WaitLatchOrSocket optimization

Started by Konstantin Knizhnikalmost 8 years ago3 messages
#1Konstantin Knizhnik
k.knizhnik@postgrespro.ru
1 attachment(s)

Hi hackers,

Right now function WaitLatchOrSocket is implemented in very inefficient
way: for each invocation it creates epoll instance, registers events and
then closes this instance.
Certainly it is possible to create wait event set once with
CreateWaitEventSet and then use WaitEventSetWait.
And it is done in most performance critical places.
But there are still lot of places in Postgres where WaitLatchOrSocket or
WaitLatch are used.

One of them is postgres_fdw.
If we run pgbench through postgres_fdw (just redirect pgbench tables
using postgres_fdw to the localhost),
then at the system with large number (72) of CPU cores, "pgbench -S -M
prepared -c 100 -j 32" shows performance about 38k TPS with the
following profile:

-   73.83%     0.12%  postgres         postgres [.] PostgresMain ▒
    - 73.82% PostgresMain ▒
       + 28.18% PortalRun ▒
       + 26.48% finish_xact_command ▒
       + 13.66% PortalStart ▒
       + 1.83% exec_simple_query ▒
       + 1.22% pq_getbyte ▒
       + 0.89% ReadyForQuery ▒
-   66.04%     0.03%  postgres         [kernel.kallsyms] [k] 
entry_SYSCALL_64_fastpath ▒
    - 66.01% entry_SYSCALL_64_fastpath ▒
       + 61.39% syscall_return_slowpath ▒
       + 1.52% sys_epoll_create1 ▒
       + 1.30% SYSC_sendto ▒
       + 0.94% sys_epoll_pwait ▒
         0.57% SYSC_recvfrom ▒
-   65.61%     0.03%  postgres         postgres_fdw.so [.] 
pgfdw_get_result ▒
    - 65.58% pgfdw_get_result ▒
       - 65.00% WaitLatchOrSocket ▒
          + 62.60% __close ▒
          + 1.62% CreateWaitEventSet ▒
-   65.09%     0.02%  postgres         postgres [.] WaitLatchOrSocket ▒
    - 65.08% WaitLatchOrSocket ▒
       + 62.68% __close ▒
       + 1.62% CreateWaitEventSet ▒
+   62.69%     0.02%  postgres         libpthread-2.26.so [.] __close ▒

So, you can see that more than 60% of CPU is spent in close.

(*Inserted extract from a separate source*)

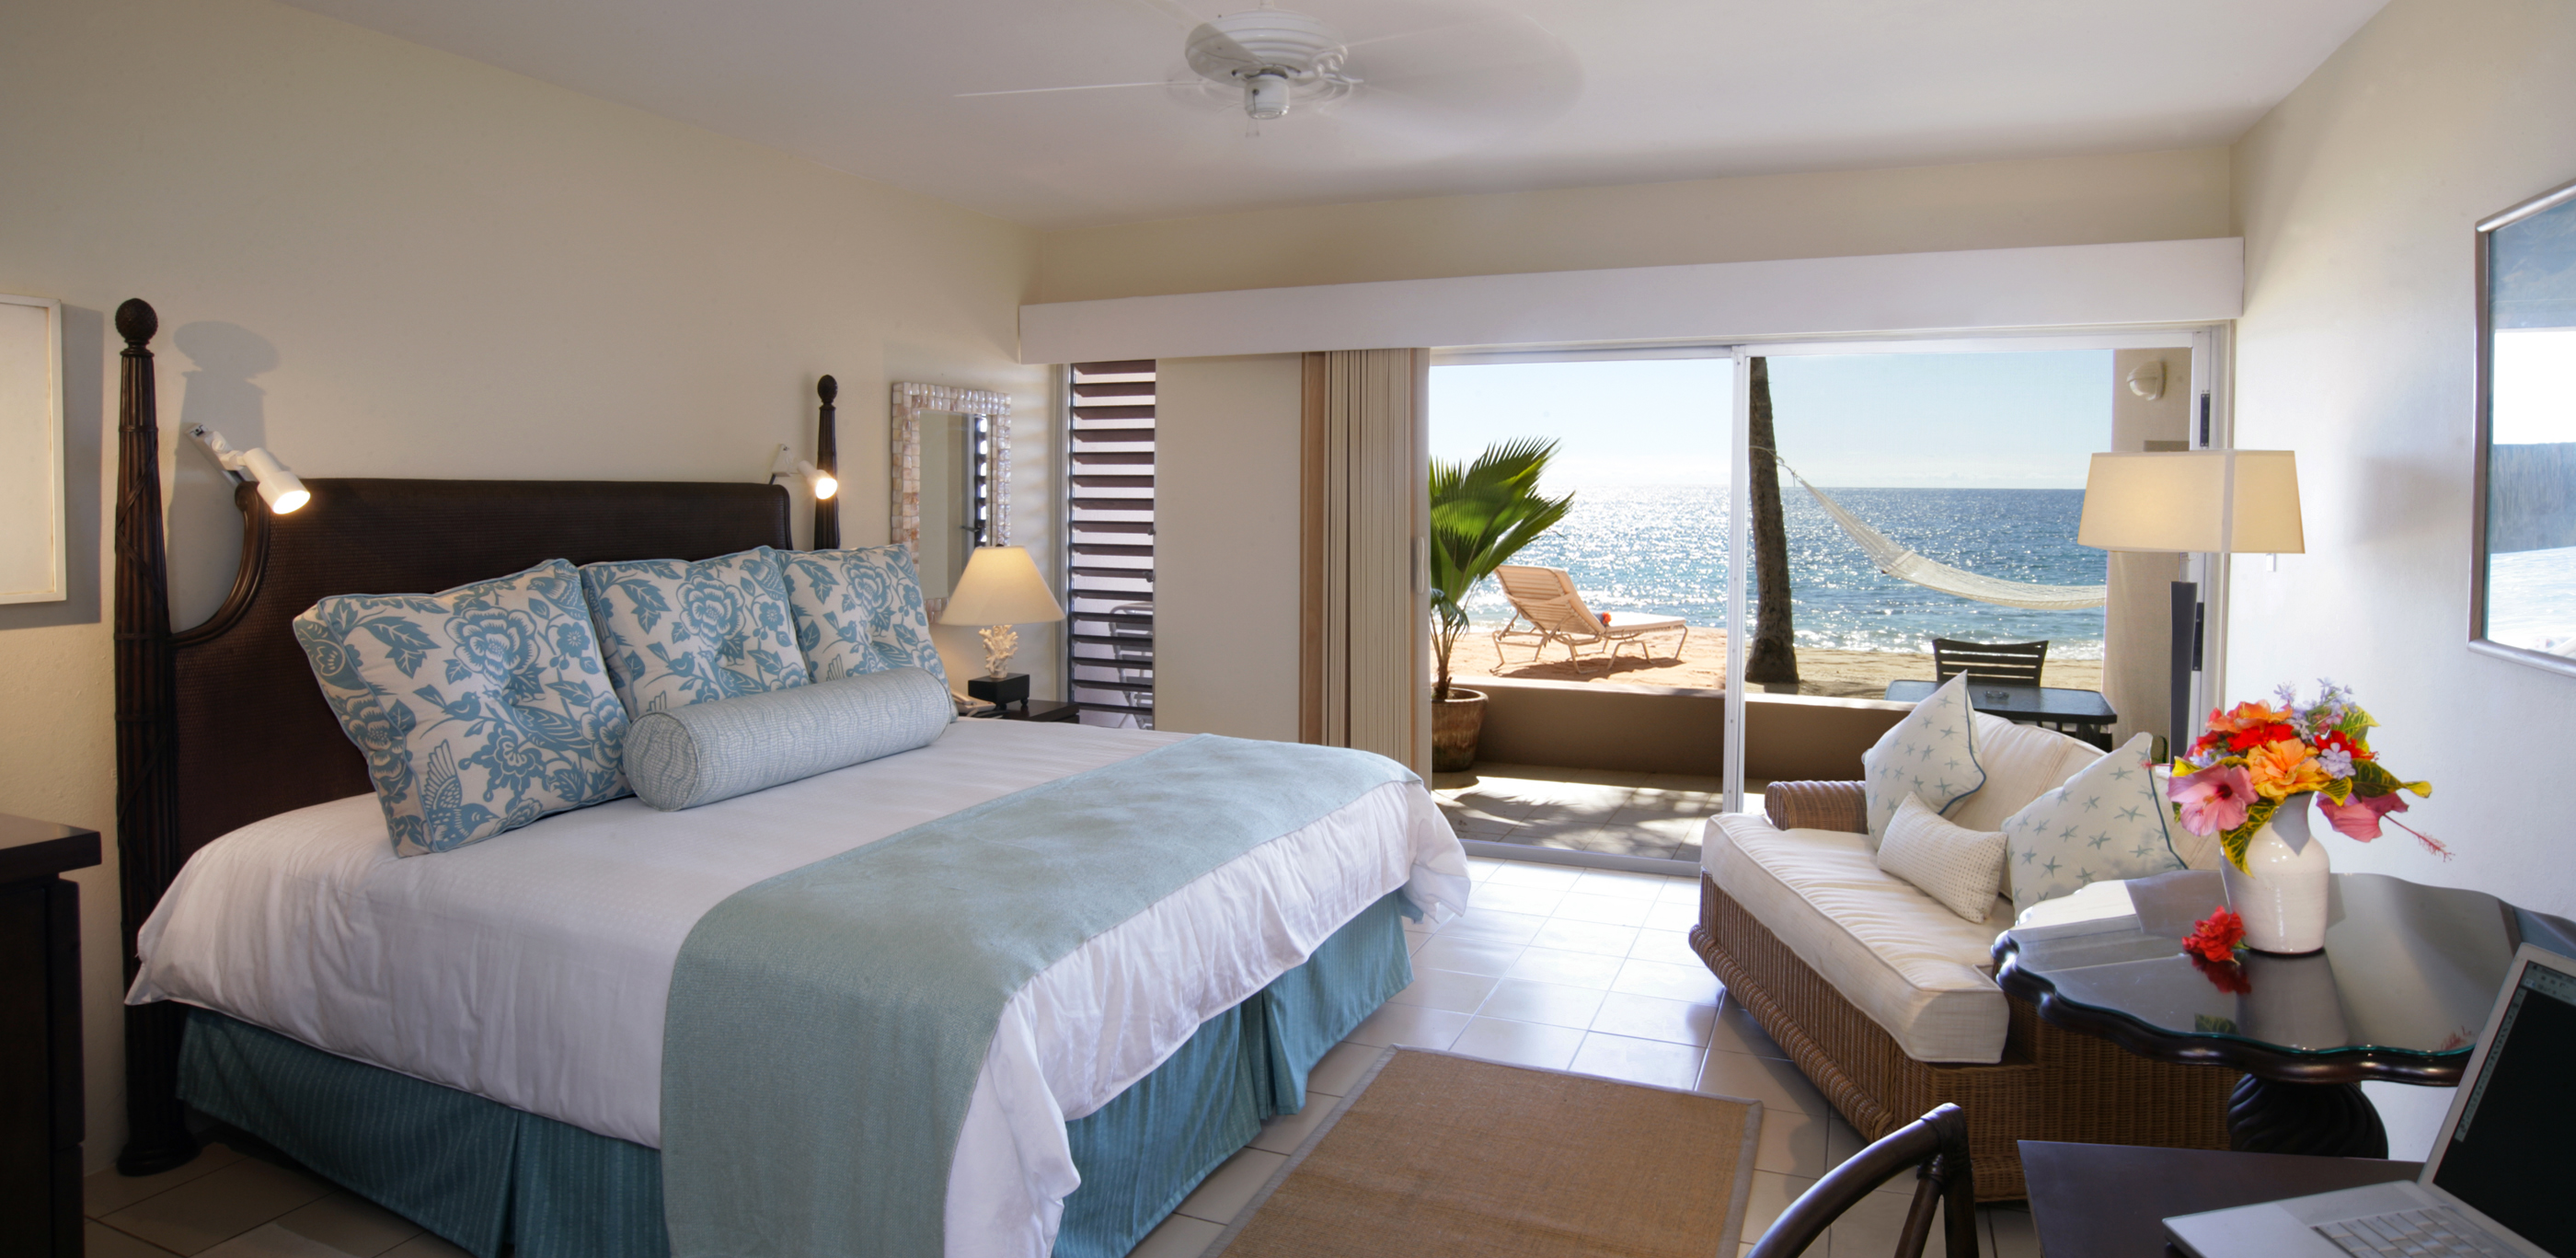 Deluxe room at Curtain Bluff, Antigua

If we cache used wait event sets, then performance is increased to 225k
TPS: five times!
At the systems with smaller number of cores effect of this patch is not
so large: at my desktop with 4 cores I get just about 10% improvement at
the same test.

There are two possible ways of fixing this issue:
1. Patch postgres_fdw to store WaitEventSet in connection.
2. Patch WaitLatchOrSocket to cache created wait event sets.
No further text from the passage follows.